Good thing there was a breeze the other day


----------



## gpodio (Feb 4, 2004)

WOW, great job!

Giancarlo


----------



## Sir_BlackhOle (Jan 25, 2004)

Those look nice! Why so many?


----------



## Justin Fournier (Jan 27, 2004)

Going into the reactor business Gomer?


----------



## Gomer (Feb 2, 2004)

thanks *L*

why so many is easy. ..it is more economical.
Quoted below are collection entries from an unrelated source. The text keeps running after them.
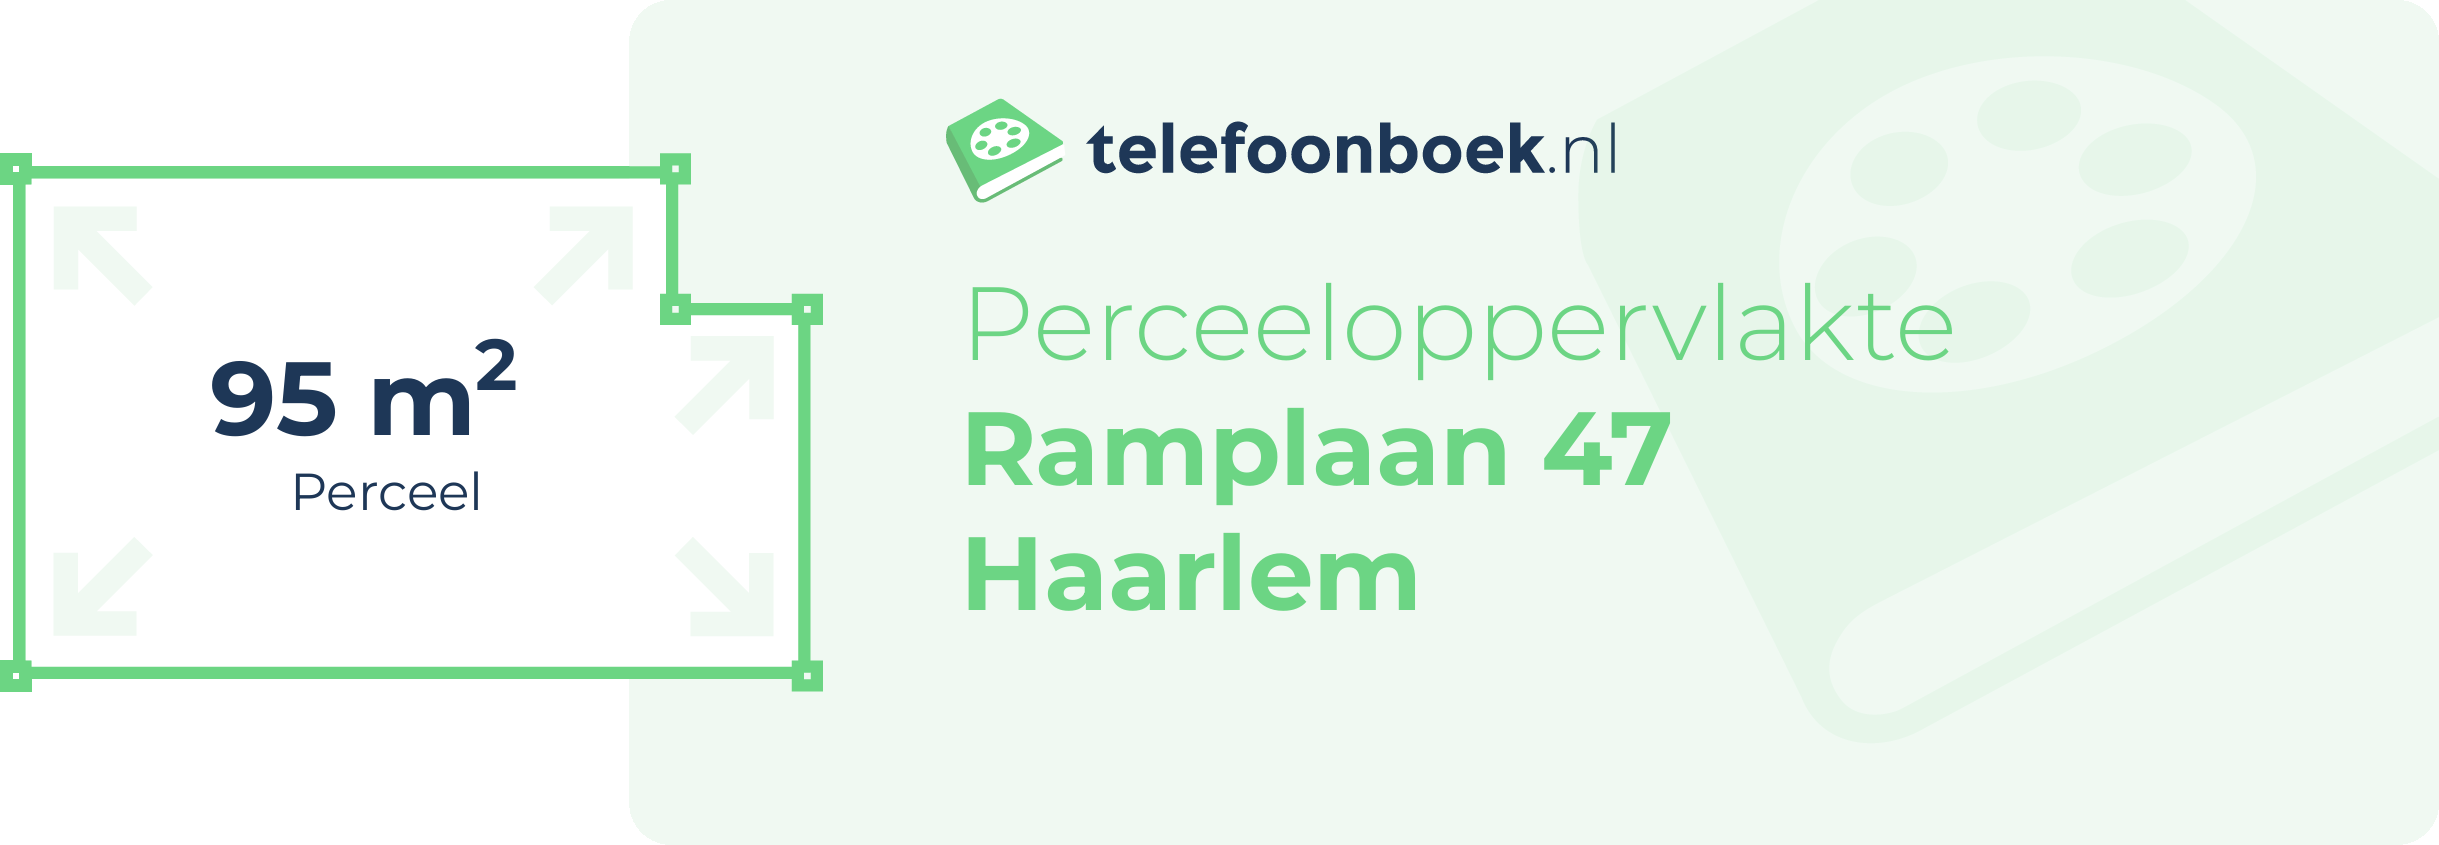 Perceeloppervlakte Ramplaan 47 Haarlem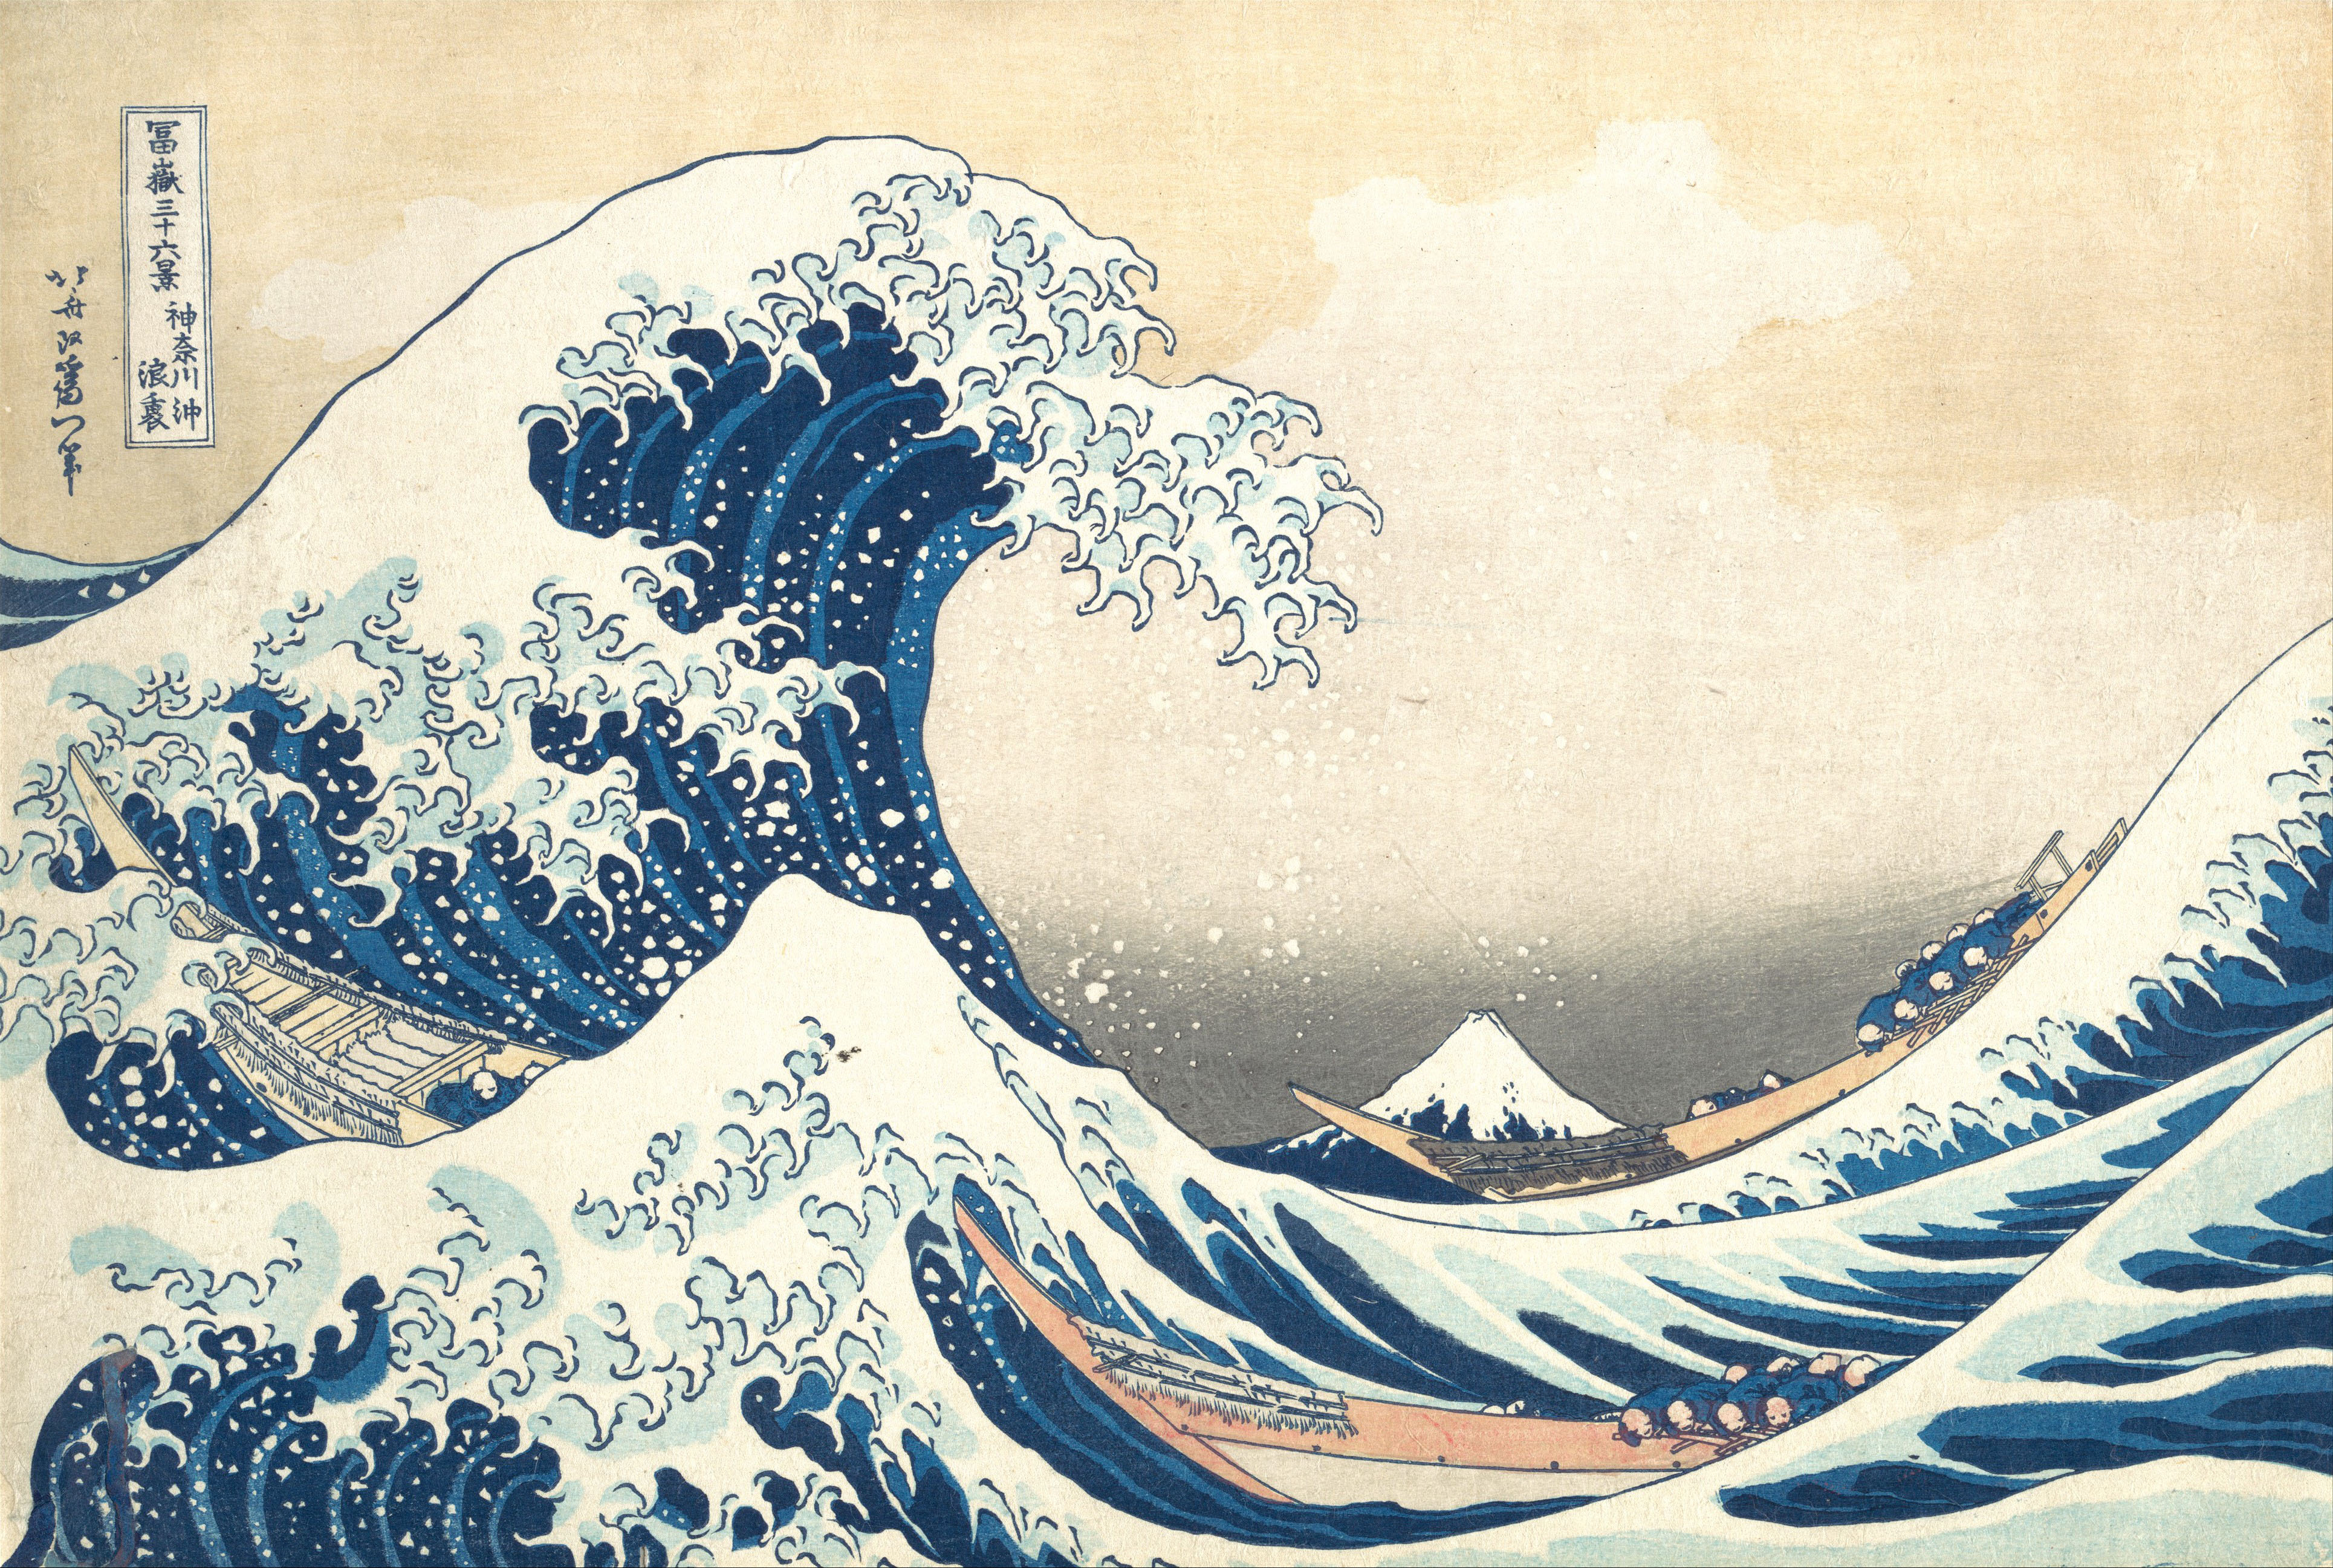 De grote golf van Kanagawa by Katsushika Hokusai - c. 1830 - - 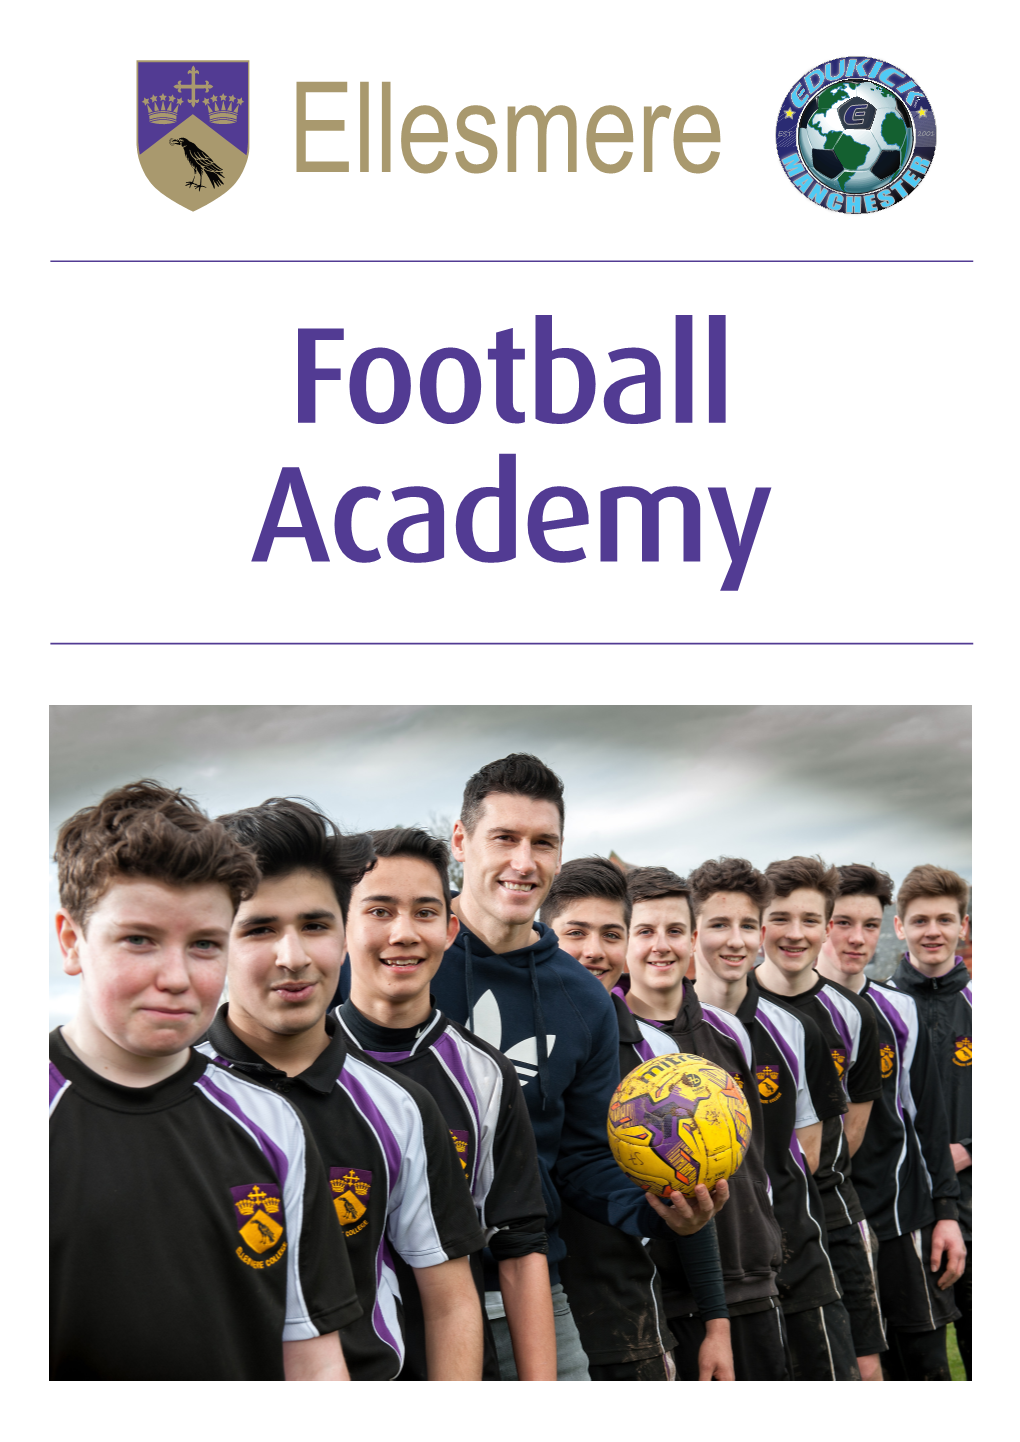 Football Academy 2 | Ellesmere Football Academy

Buying a small section for clear PVC is expensive...and certain items which are necessary like PVC cleaner/primer/cement seem wasted when you have soo much extra from building just one. Also, I was able to get barbs cheaper by the 10pack :-D


I only need two but will sell off the rest.


----------



## depthc (Mar 7, 2004)

Nice, are those for DIY C02 or pressurized?

.dc


----------



## Gomer (Feb 2, 2004)

either should work..as long as you have a check valve inline


----------



## ryuken168 (Feb 5, 2004)

*Reactors*

Wow :shock: very nice.
Gomer's gas pipes


----------



## hubbahubbahehe (Mar 29, 2004)

Gomer, did you sell all of them? how much did you sthey sell for?


----------



## Gomer (Feb 2, 2004)

of the 8 for sale, 4 are sold, 2 are up on aquabid with a bid and 2 more remaining to be later put up for sale or sold privately. I am selling them for $36.50 shipped.


----------



## MikeRichards (Jun 23, 2004)

Do you have any left...I want one!


----------